An Alaska Airlines Boeing 737-790 flies at Anchorage Ted Stevens International Airport in Anchorage, Alaska, USA, on July 2, 2024.
Hassan Akbas | Anadolu | Getty Images
Alaska Airlines and Hawaiian Airlines The U.S. Department of Transportation said on Tuesday they could complete the planned merger, but they must maintain the value of the airline rewards system and preserve several key routes.
The $1.9 billion merger agreement between the two carriers passed review by the U.S. Department of Justice last month. That leaves it to the Department of Transportation, which must also review airline mergers.
The DOT said airlines must ensure miles earned through HawaiianMiles and the Alaska Miles program do not expire and are transferable at a 1:1 ratio before creating a new integrated loyalty points system.
They must also preserve “essential air support” for rural areas and maintain current service levels on passenger and cargo routes between the Hawaiian Islands, U.S. Transportation Secretary Pete Buttigieg said at a news conference.

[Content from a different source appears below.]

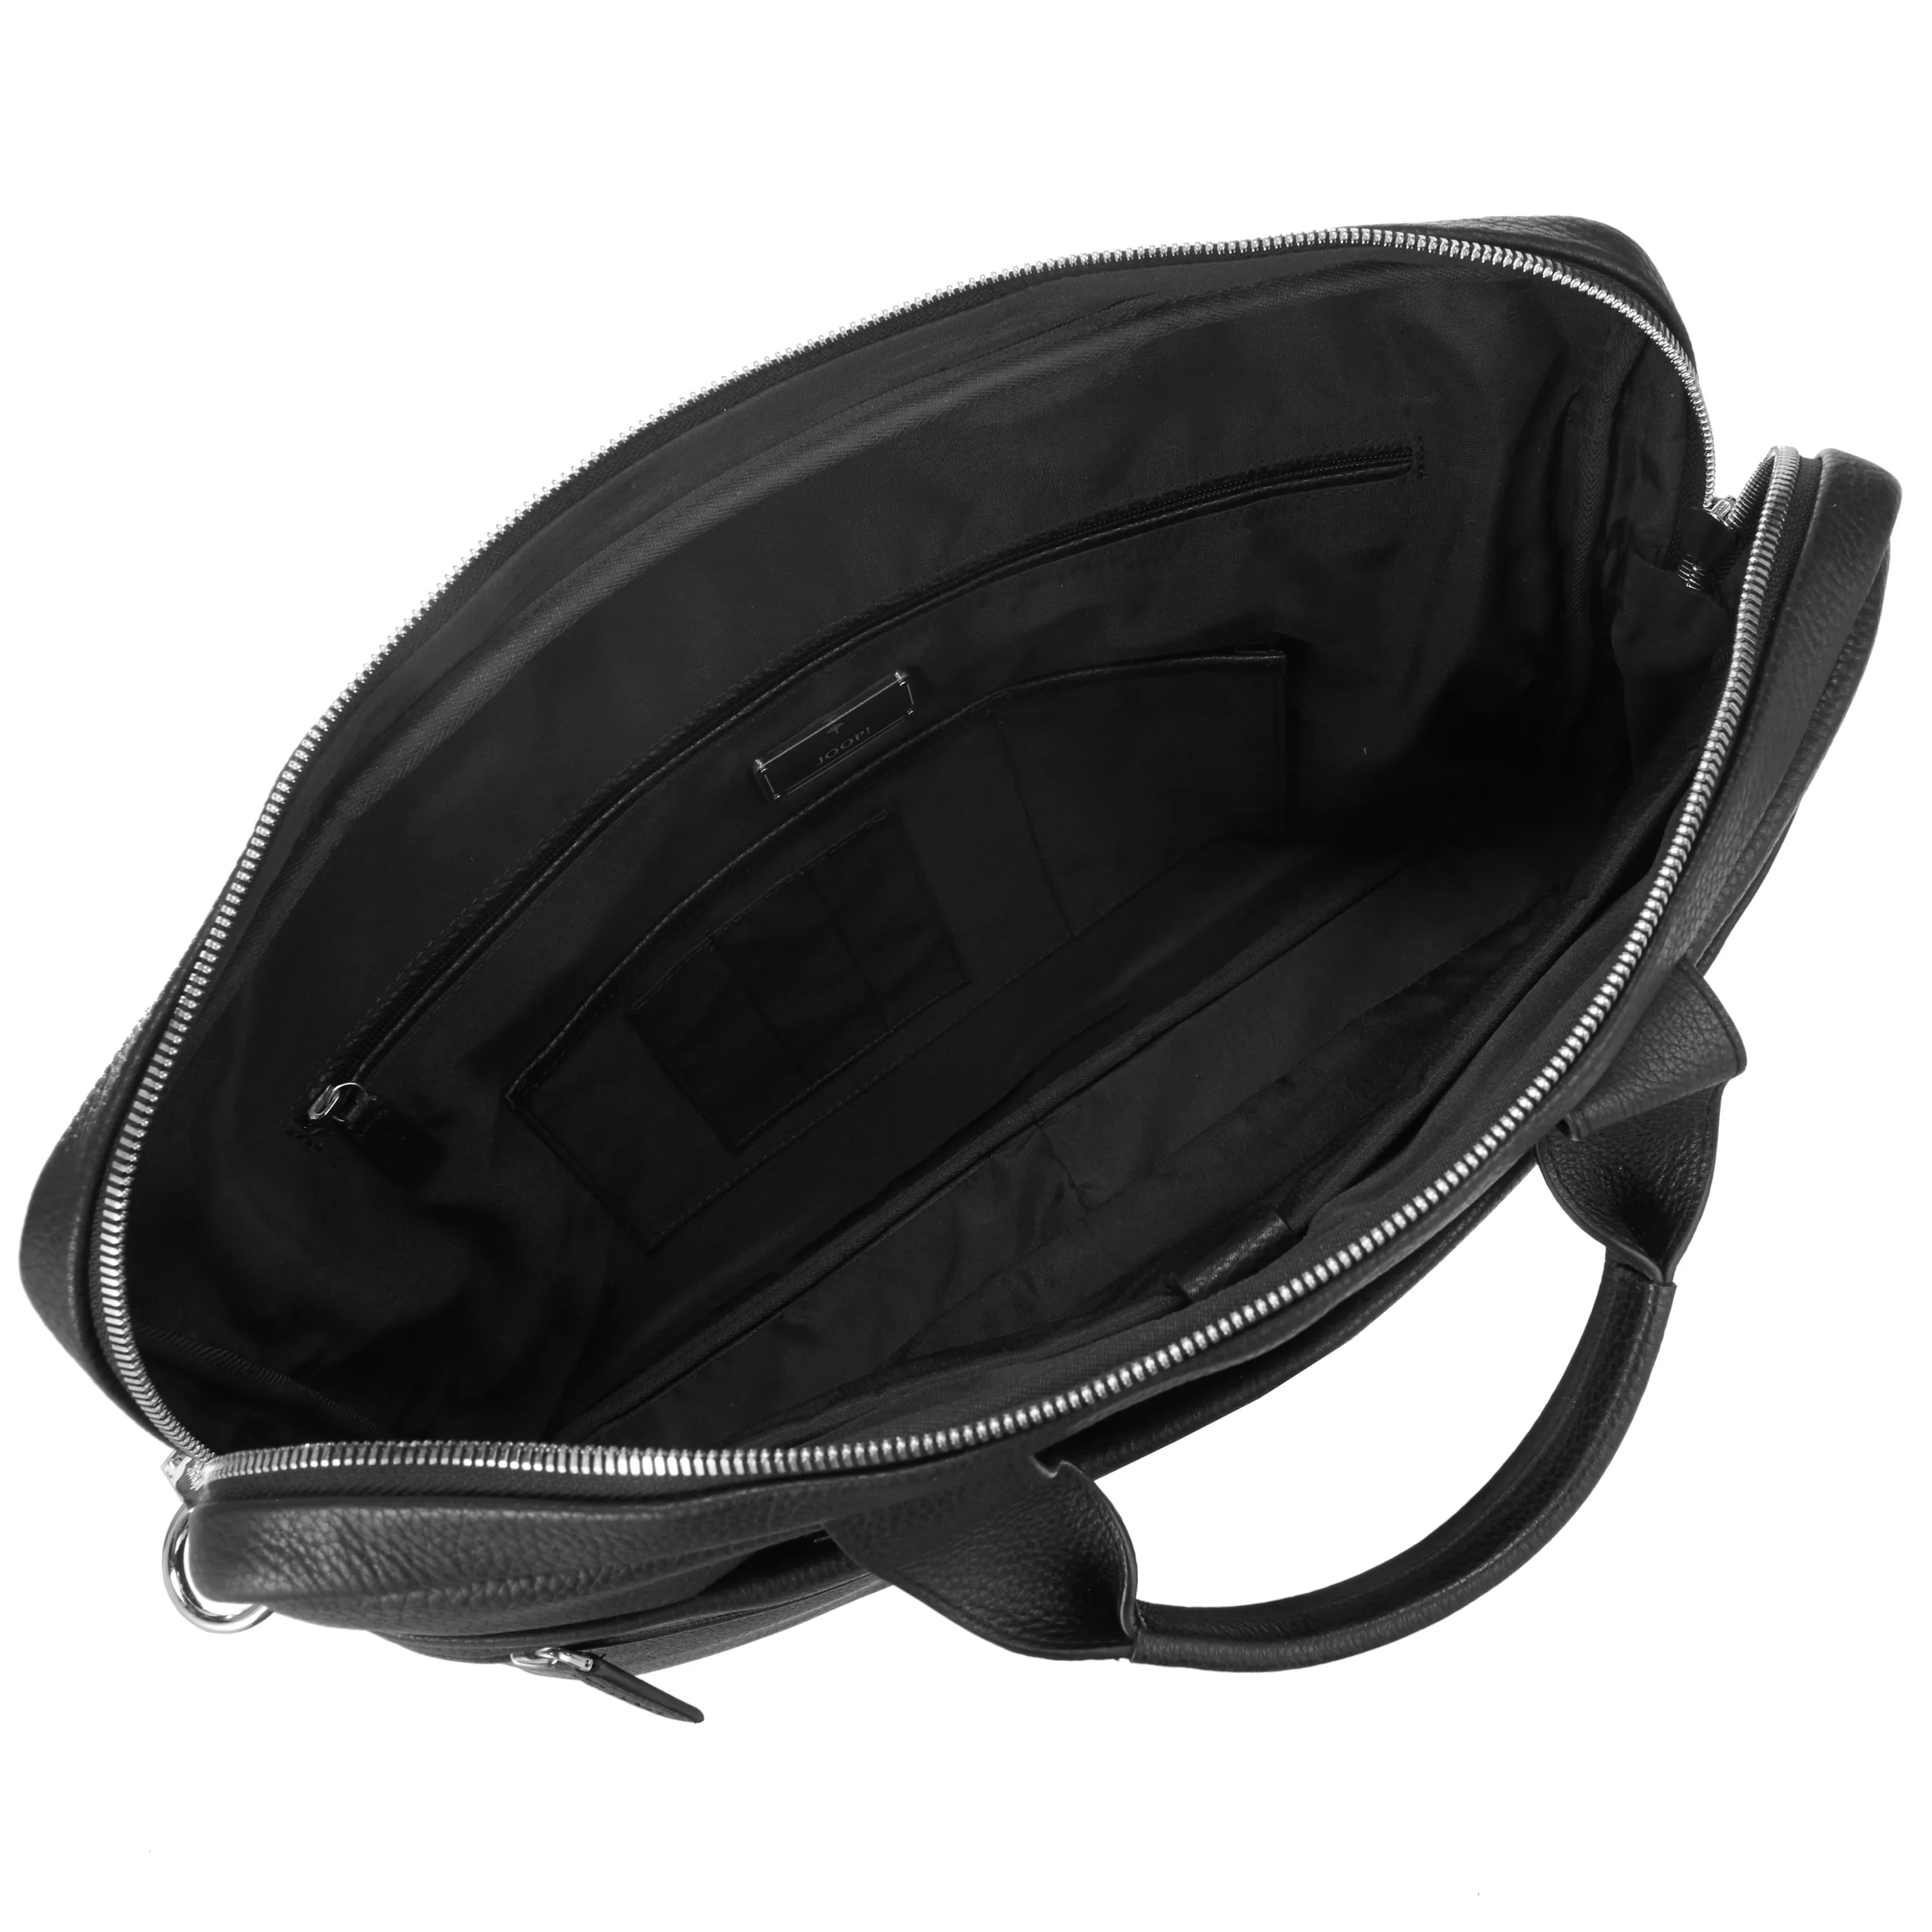 Joop Cardona Pandion Briefbag SHZ 2 44 cm - black

The Department of Transportation noted that airlines can begin completing the merger process but will still need approval of their transfer applications, which would allow them to combine and operate international routes under a single certificate.
Hawaiian Airlines shares rose nearly 4% in afternoon trading.
When the two airlines announced their merger plans in December last year, they said they would retain their respective airline brands but operate under a single platform. The merger would form a fleet of more than 360 aircraft flying to more than 130 destinations. Team.
The DOT said Hawaiian Airlines must also adopt Alaska Airlines’ approach of ensuring family seats at no additional cost and providing compensation in the event of significant flight delays or cancellations.